_Work to complete_:
Can you copy out the data exactly? Leave the images out.

_Given material_:
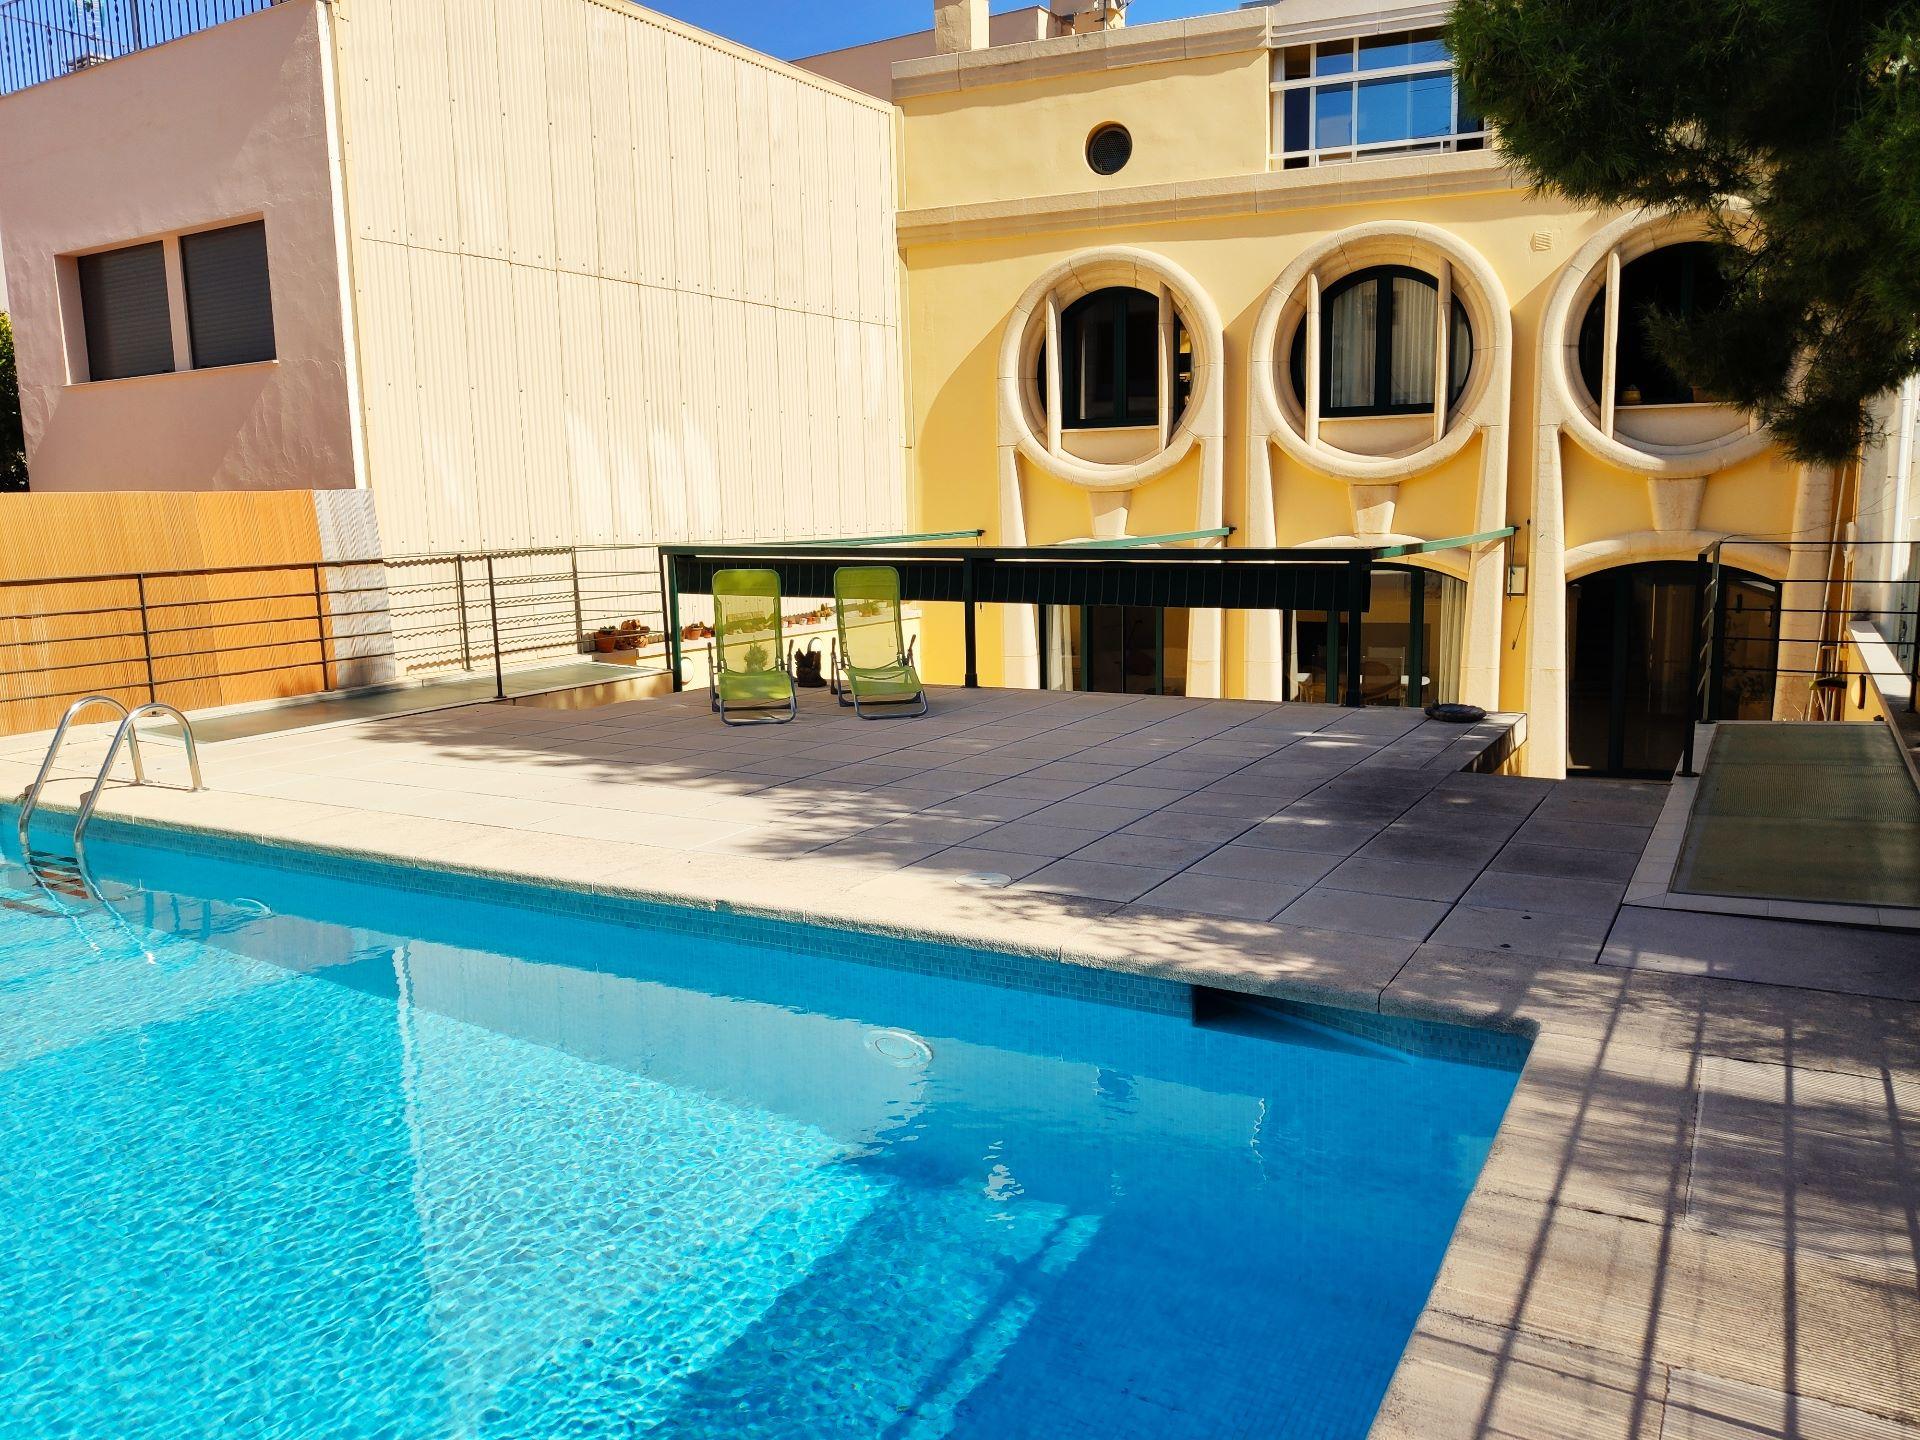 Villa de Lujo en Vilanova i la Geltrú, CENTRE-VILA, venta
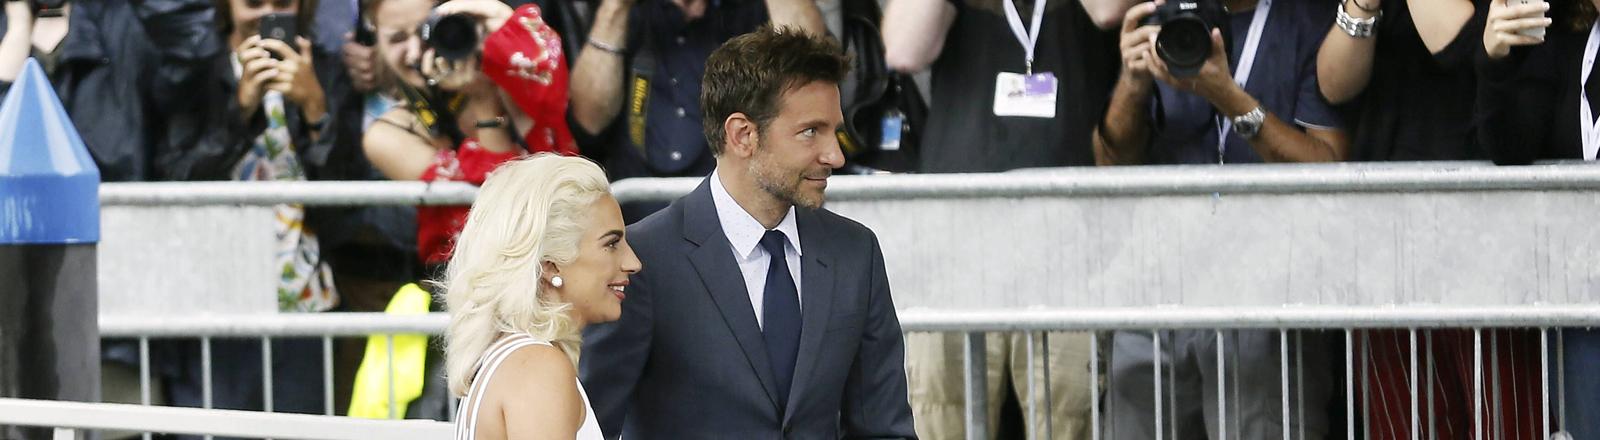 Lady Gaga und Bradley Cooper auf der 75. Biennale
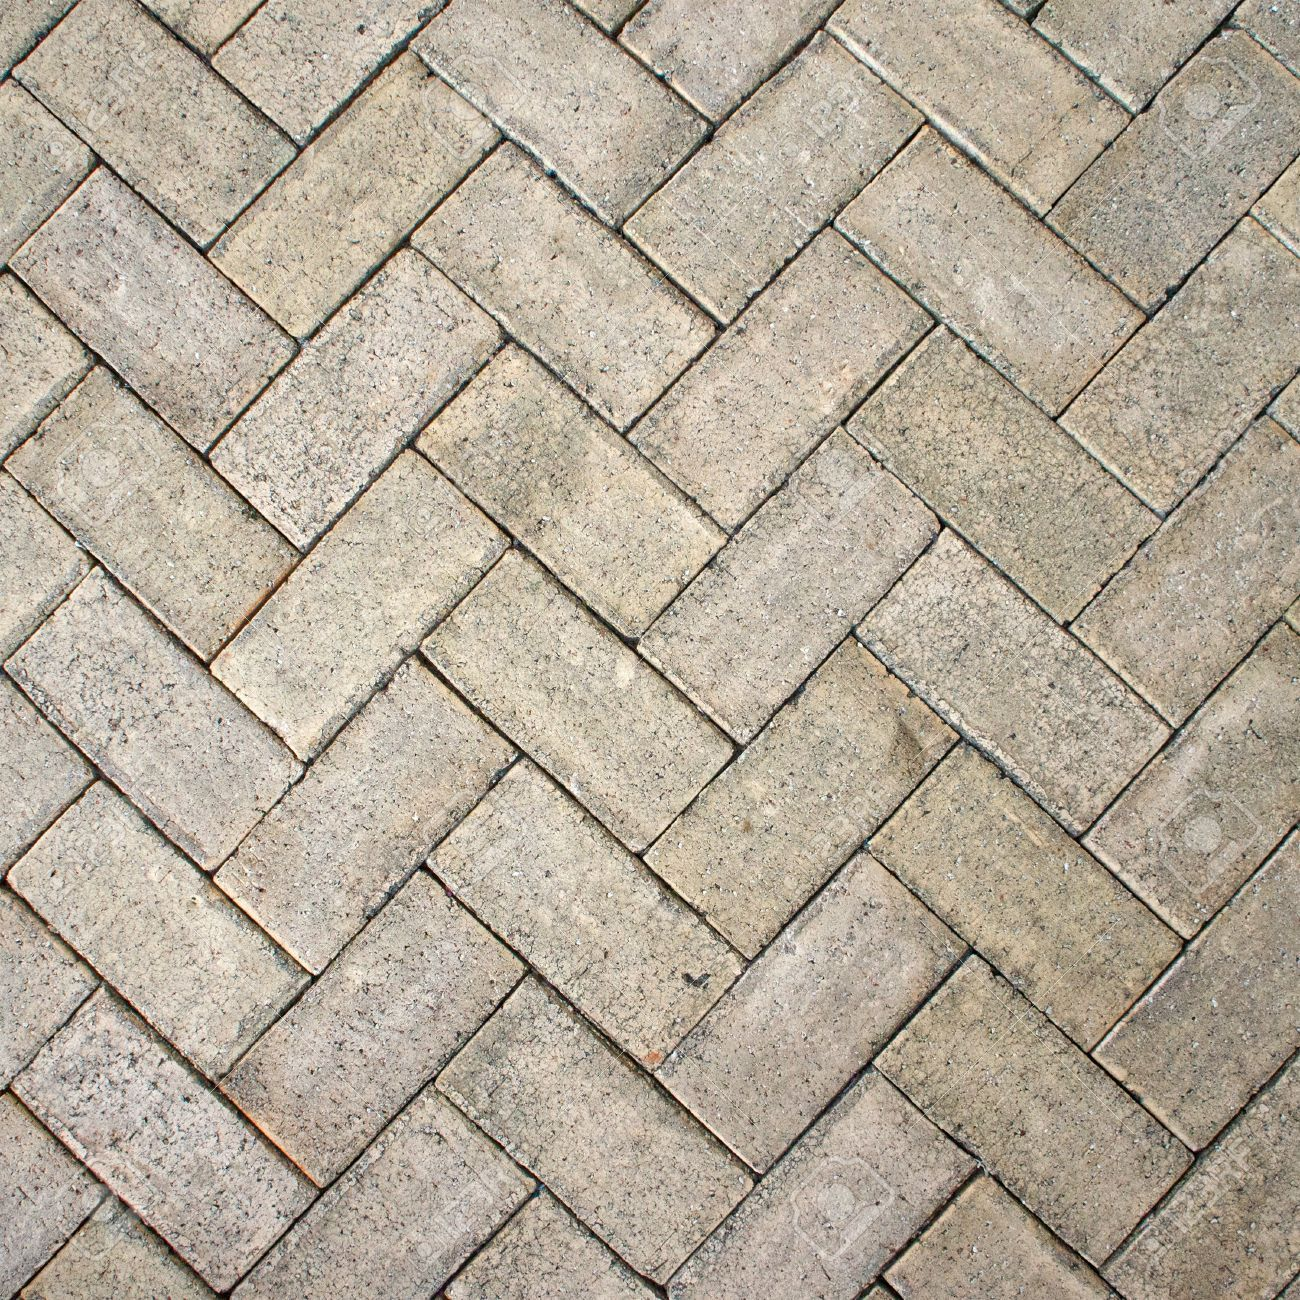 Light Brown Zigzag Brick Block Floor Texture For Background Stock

_Response area_:
 Villa de Lujo en Vilanova i la Geltrú, CENTRE-VILA, venta
 Lady Gaga und Bradley Cooper auf der 75. Biennale
 Light Brown Zigzag Brick Block Floor Texture For Background Stock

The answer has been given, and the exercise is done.